Enable stickiness on the target group so the ALB routes the same client to the same instance on every request.

  1. Open the EC2 console and go to Target Groups.
  2. Select your target group.
  3. On the Attributes tab, click Edit attributes.
  4. Under Stickiness, enable it and set the type to Load balancer generated cookie.
  5. Set a stickiness duration appropriate for your use case (for example, 1 day).
  6. Save changes.

The ALB will set an AWSALB cookie on the first response. Subsequent requests from the same browser carrying that cookie are routed to the same target.

Note

ALB stickiness applies at the target group level. Both the initial page load request and the SSE stream connection need to reach the same instance for the dashboard to work correctly. Because browsers open the SSE connection from the same session, the stickiness cookie covers both.

Traefik

Define a service with sticky cookies and a router that directs dashboard traffic to it. The example below uses Traefik v2 dynamic configuration in YAML format.

http:
  routers:
    dashboard:
      rule: "PathPrefix(`/tasks/`)"
      service: app
      entryPoints:
        - web

  services:
    app:
      loadBalancer:
        sticky:
          cookie:
            name: lb_sticky
            httpOnly: true
        servers:
          - url: "http://instance-a:8000"
          - url: "http://instance-b:8000"
          - url: "http://instance-c:8000"

The httpOnly: true flag prevents client-side JavaScript from reading the cookie.

If you are using Docker labels instead of a file provider, the equivalent is:

# docker-compose.yml (excerpt)
services:
  app:
    labels:
      - "traefik.http.services.app.loadbalancer.sticky.cookie=true"
      - "traefik.http.services.app.loadbalancer.sticky.cookie.name=lb_sticky"
      - "traefik.http.services.app.loadbalancer.sticky.cookie.httponly=true"

Known limitations

Limitation Notes
Live PENDING/RUNNING from other instances Not visible.
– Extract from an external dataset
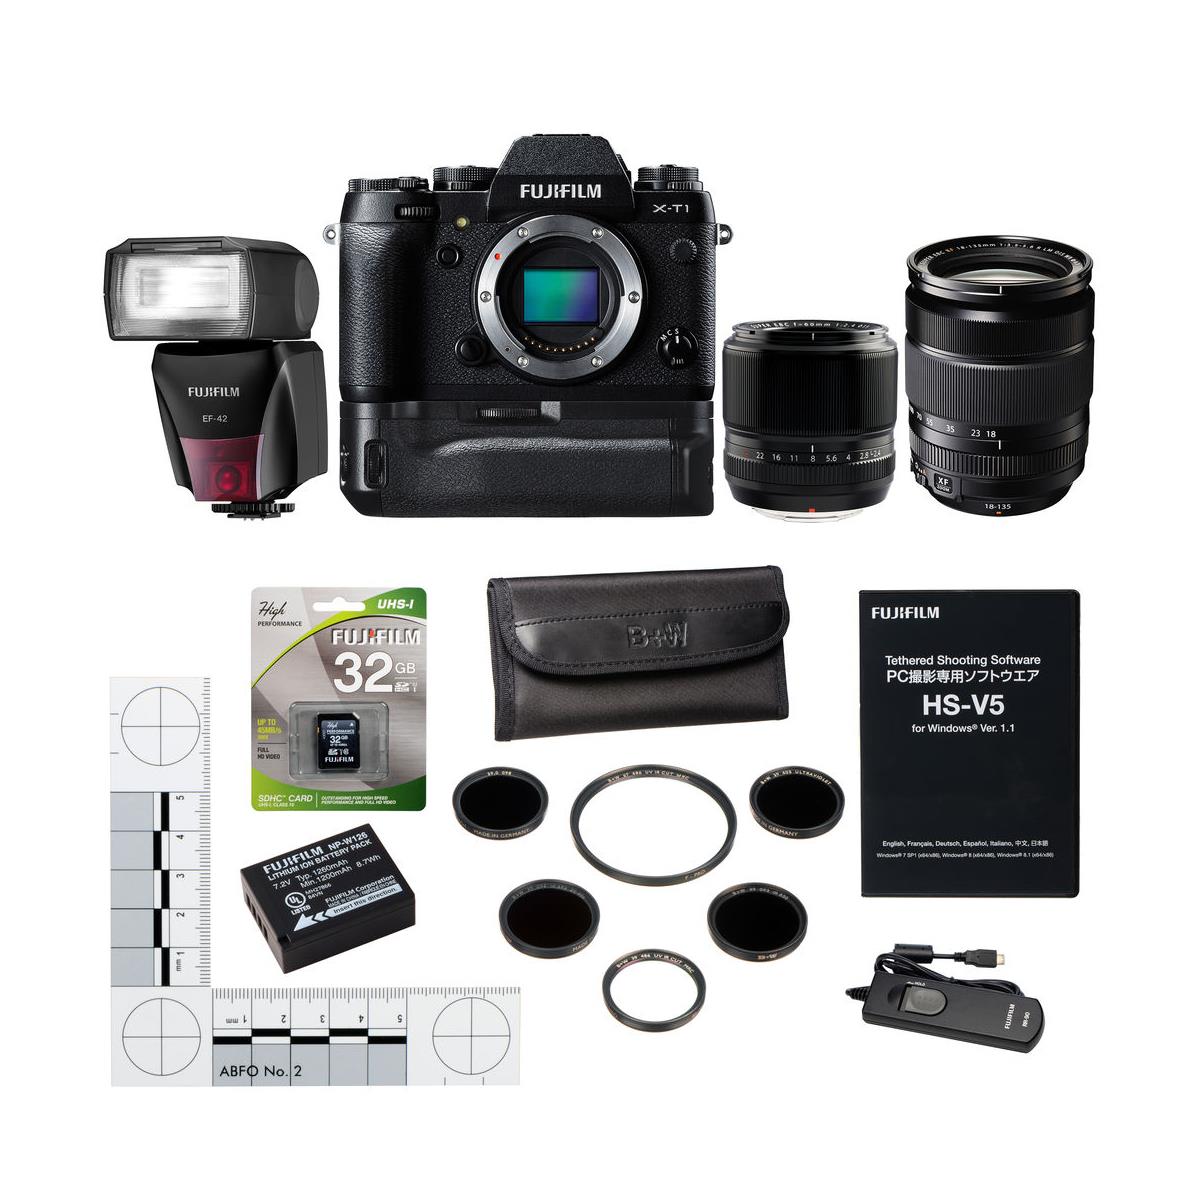 Fujifilm X-T1 IR Infrared Camera  Forensic IR Kit with XF 60mm F2.4 and EF-42 Shoe Mount Flash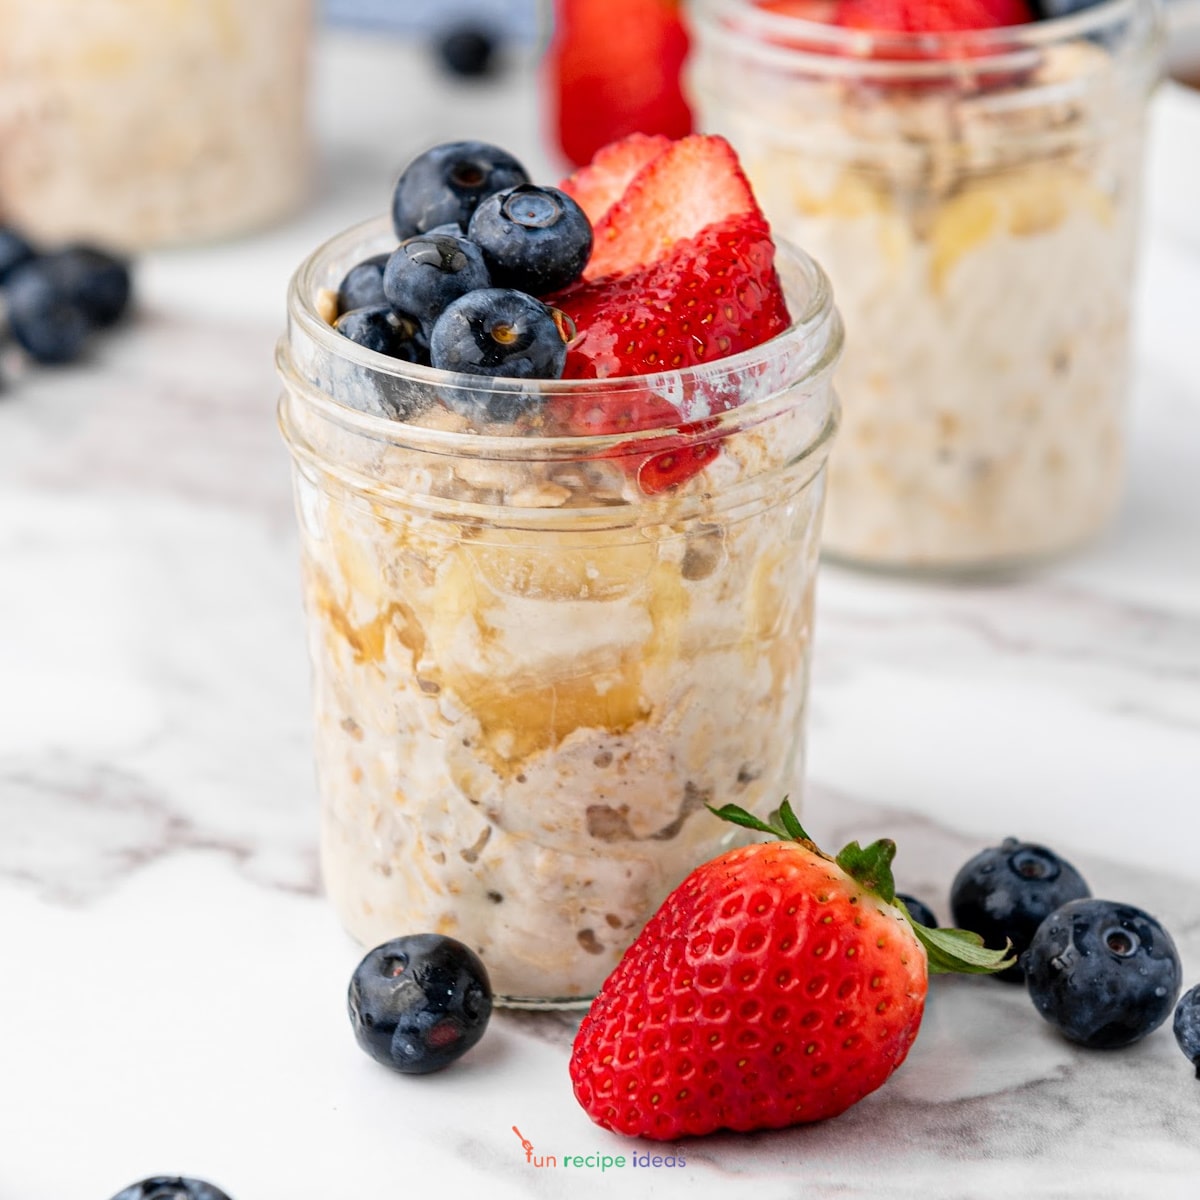 overnight oats in a jar with strawberry and blueberry garnishes.

Each instance holds its own in-memory state.
SQLite across separate hosts Not supported. Use Redis for multi-host deployments.
Hard crash recovery Tasks running at the time of a SIGKILL or OOM kill cannot be recovered. Only clean shutdowns write the pending store.
Dashboard real-time cross-instance events The dashboard polls the shared backend on a configurable interval (default 30s). It does not receive push notifications from other instances.